Per questo motivo la Commissione ritiene che l'effetto "leva", ovvero gli incentivi concessi per ottenere la cooperazione dei paesi terzi nella negoziazione e conclusione degli accordi di riammissione, vada dosato a seconda del paese, nel contesto più ampio del dialogo politico, di cooperazione e programmazione con il paese terzo interessato, in considerazione soprattutto della sua rilevanza in termini di flussi migratori verso l'UE e dello stato delle sue relazioni e della cooperazione con la Comunità e gli Stati membri. Spetterà allora alla Comunità e agli Stati membri decidere se concedere ulteriori incentivi per ottenere il risultato voluto. Questo problema non dovrebbe comunque riguardare, in linea di principio, gli eventuali negoziati futuri con i paesi ACP. Poiché l'articolo 13 dell'accordo di Cotonou già contempla obblighi giuridici chiari a carico delle parti dell'accordo per la riammissione del loro cittadini soggiornanti illegalmente nel territorio di un'altra parte e per la conclusione di accordi bilaterali di riammissione, la Commissione ritiene che non siano necessari ulteriori incentivi finanziari, i quali pertanto non si applicano a quei paesi.

4. RISORSE FINANZIARIE ADEGUATE E MECCANISMO DI RIPARTIZIONE DEGLI ONERI

Il Consiglio europeo di Siviglia ha chiesto alla Commissione di valutare le risorse finanziarie disponibili in tre settori specifici: rimpatrio degli immigranti e dei richiedenti asilo respinti, gestione delle frontiere esterne e progetti di asilo e migrazione nei paesi terzi. La Commissione ha presentato una relazione integrata al riguardo nella seconda parte della sua comunicazione "Integrare le questioni connesse all'emigrazione nelle relazioni dell'Unione europea con i paesi terzi" del 3 dicembre 2002.

Quel che dichiara la Commissione nella comunicazione con riguardo alla sperequazione manifesta fra l'importanza politica che l'Unione riconosce al settore della giustizia e affari interni e le risorse finanziarie stanziate a questo titolo dal bilancio comunitario resta attuale. Nel 2002 gli strumenti finanziari previsti nella rubrica "Politiche interne" delle prospettive finanziarie a sostegno della politica di asilo e immigrazione (compresa la riserva per misure di urgenza del Fondo europeo per i rifugiati) rappresentavano lo 0,96 % della spesa totale (6, 236 miliardi di euro).

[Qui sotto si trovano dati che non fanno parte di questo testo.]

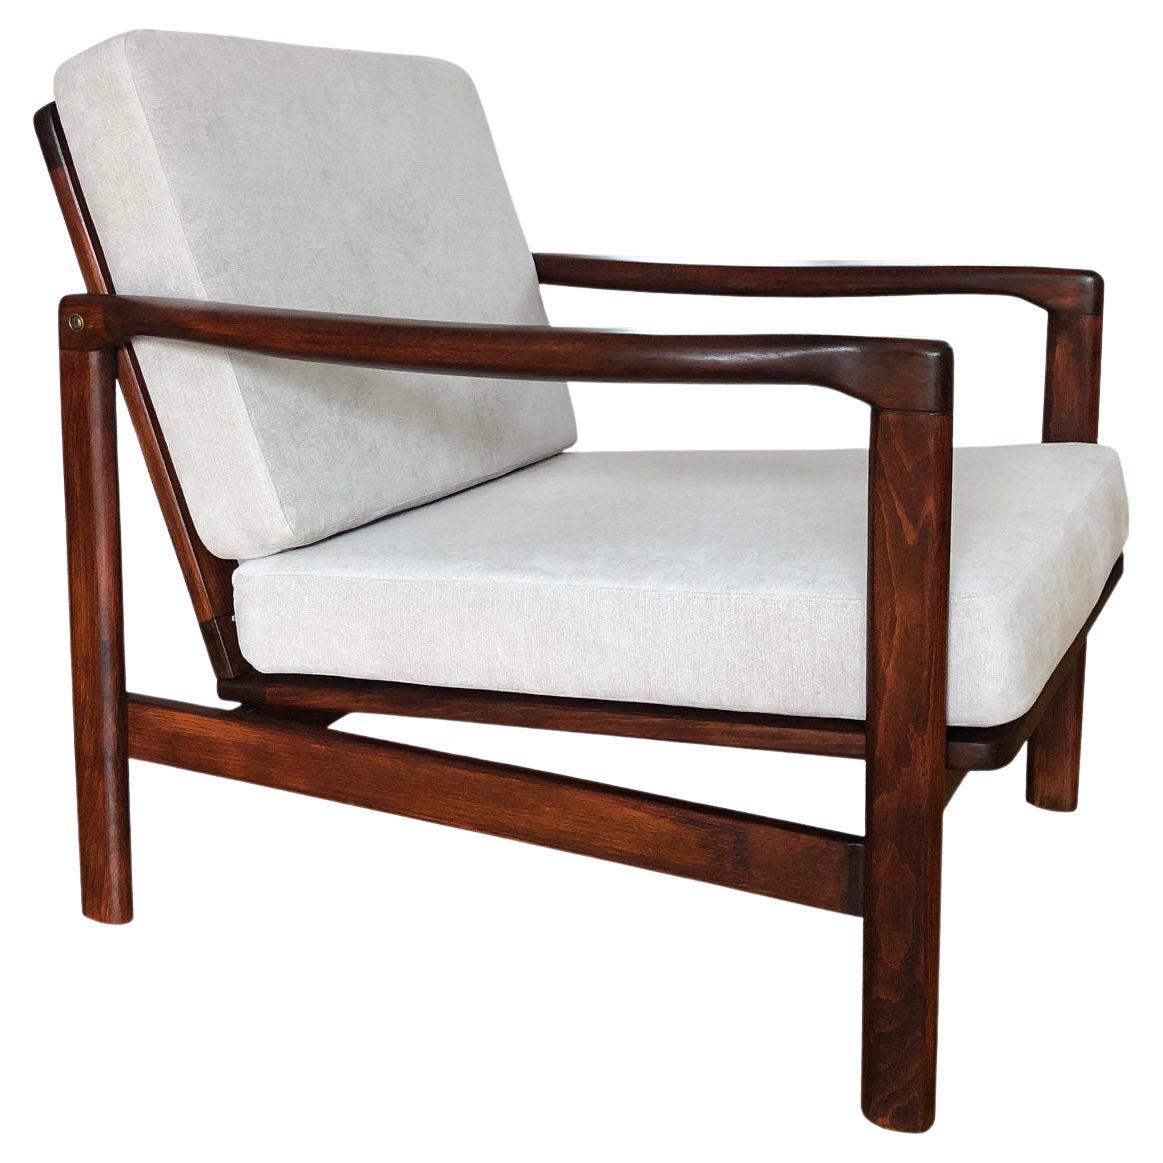 Grauer Sessel von Zenon Bączyk für Swarzędzkie Furniture Factory, 1960er Jahre

La ripartizione degli oneri della gestione delle frontiere esterne fra gli Stati membri e l'Unione è uno dei cinque componenti della politica comune di gestione delle frontiere esterne elaborata dalla Commissione e approvata dal Consiglio. Le conclusioni del Consiglio europeo di Siviglia chiedono alla Commissione di effettuare, entro il giugno 2003, uno studio sulla ripartizione degli oneri della gestione delle frontiere esterne fra gli Stati membri e l'Unione.

Stando al piano del Consiglio per la gestione delle frontiere esterne, le condizioni per la ripartizione degli oneri e il ricorso al bilancio comunitario sono le seguenti:

- i bilanci nazionali devono rimanere la principale fonte degli investimenti e delle spese previste;

- gli investimenti riguarderanno essenzialmente le attrezzature e le risorse umane;

- le basi per una ripartizione degli oneri saranno poste a livello dell'Unione, nel rispetto delle prospettive finanziarie.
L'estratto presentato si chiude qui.